La santé et le social pris à bras-le-corps
Dans le courant de ce mois de mai, un nouveau centre hospitalier universitaire a été inauguré par Mohamed VI à Tanger. Réalisé sur un terrain de 23 hectares, ce CHU, disposant d’une capacité d’accueil de 797 lits, vient renforcer l’offre de soins dans la région nord du royaume à l’heure où le pays œuvre d’arrache-pied à réformer son système de santé et à mettre en place une protection sociale au profit de tous les Marocains, d’ici à 2025. Très attendu, notamment par les habitants de la région de Tanger, cet hôpital arrive au moment où plusieurs instances marocaines appellent à améliorer l’offre de soins médicaux au niveau national, notamment le Conseil de la concurrence. « La consolidation de la dimension référentielle de l’hôpital public, avec des actions de fond en faveur d’une mise à niveau et d’une densification du réseau d’hôpitaux publics de qualité, s’impose avec acuité dans le cas de notre pays », affirme Ahmed Rahhou, président du Conseil de la concurrence, dans son avis rendu public en décembre 2022 et relatif au fonctionnement du marché des soins médicaux dispensés à travers le pays.

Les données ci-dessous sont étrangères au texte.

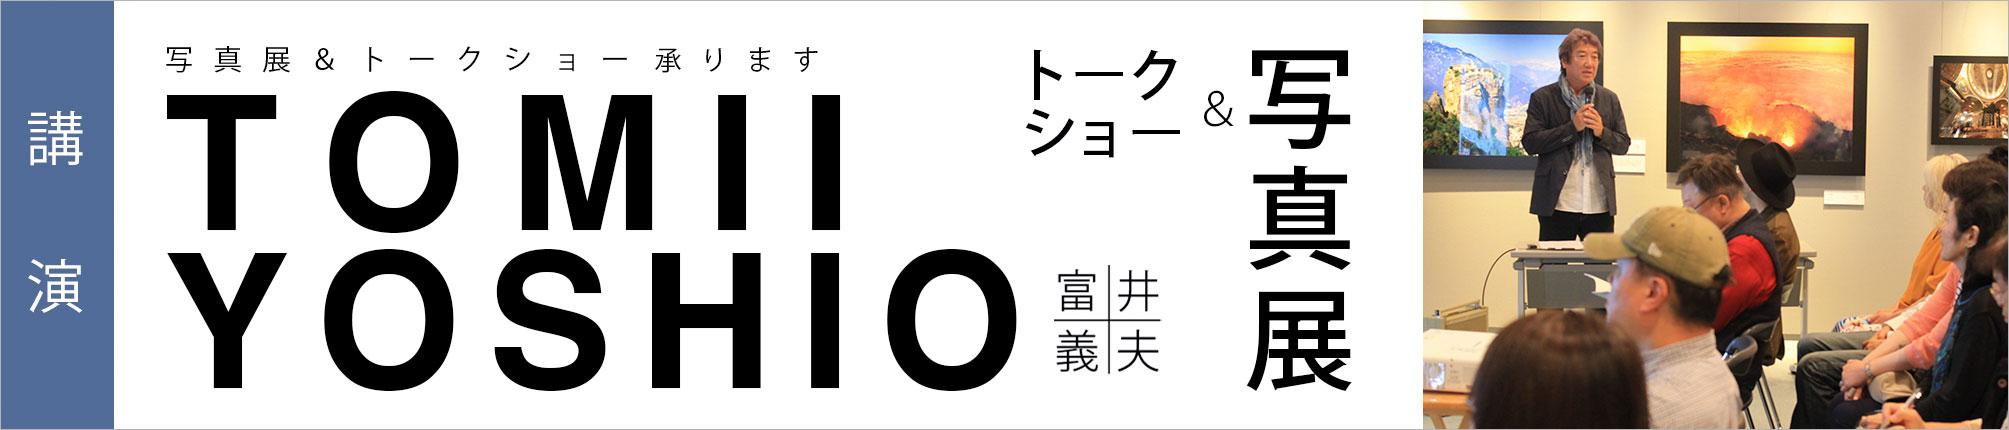 世界遺産写真家 富井義夫 講演依頼 - トークショー&写真展 承ります

Du sang neuf dans les instances publiques
Football, environnement économique, industrie : face à l’immensité des défis à relever, le Maroc a pu faire face grâce à la qualité et à l’abnégation de compétences locales. Cela n’a pas échappé au roi qui vient de procéder à de nouvelles nominations à l’issue du conseil des ministres du 19 mai. Objectif : injecter du sang neuf dans les grandes agences et les administrations publiques jugées stratégiques, et ce, pour favoriser la résilience marocaine. Ainsi de celles en charge de l’Efficacité énergétique, de la Sûreté et de la Sécurité nucléaires et radiologiques, du Développement de la logistique, de l’information (agence de la MAP), de l’Aménagement (Al Omrane) et du Crédit agricole. Une manière de mieux s’adapter à la conjoncture mouvante sur les plans local et international et aussi de se mettre en situation de pouvoir suivre la trajectoire des recommandations du nouveau modèle de développement.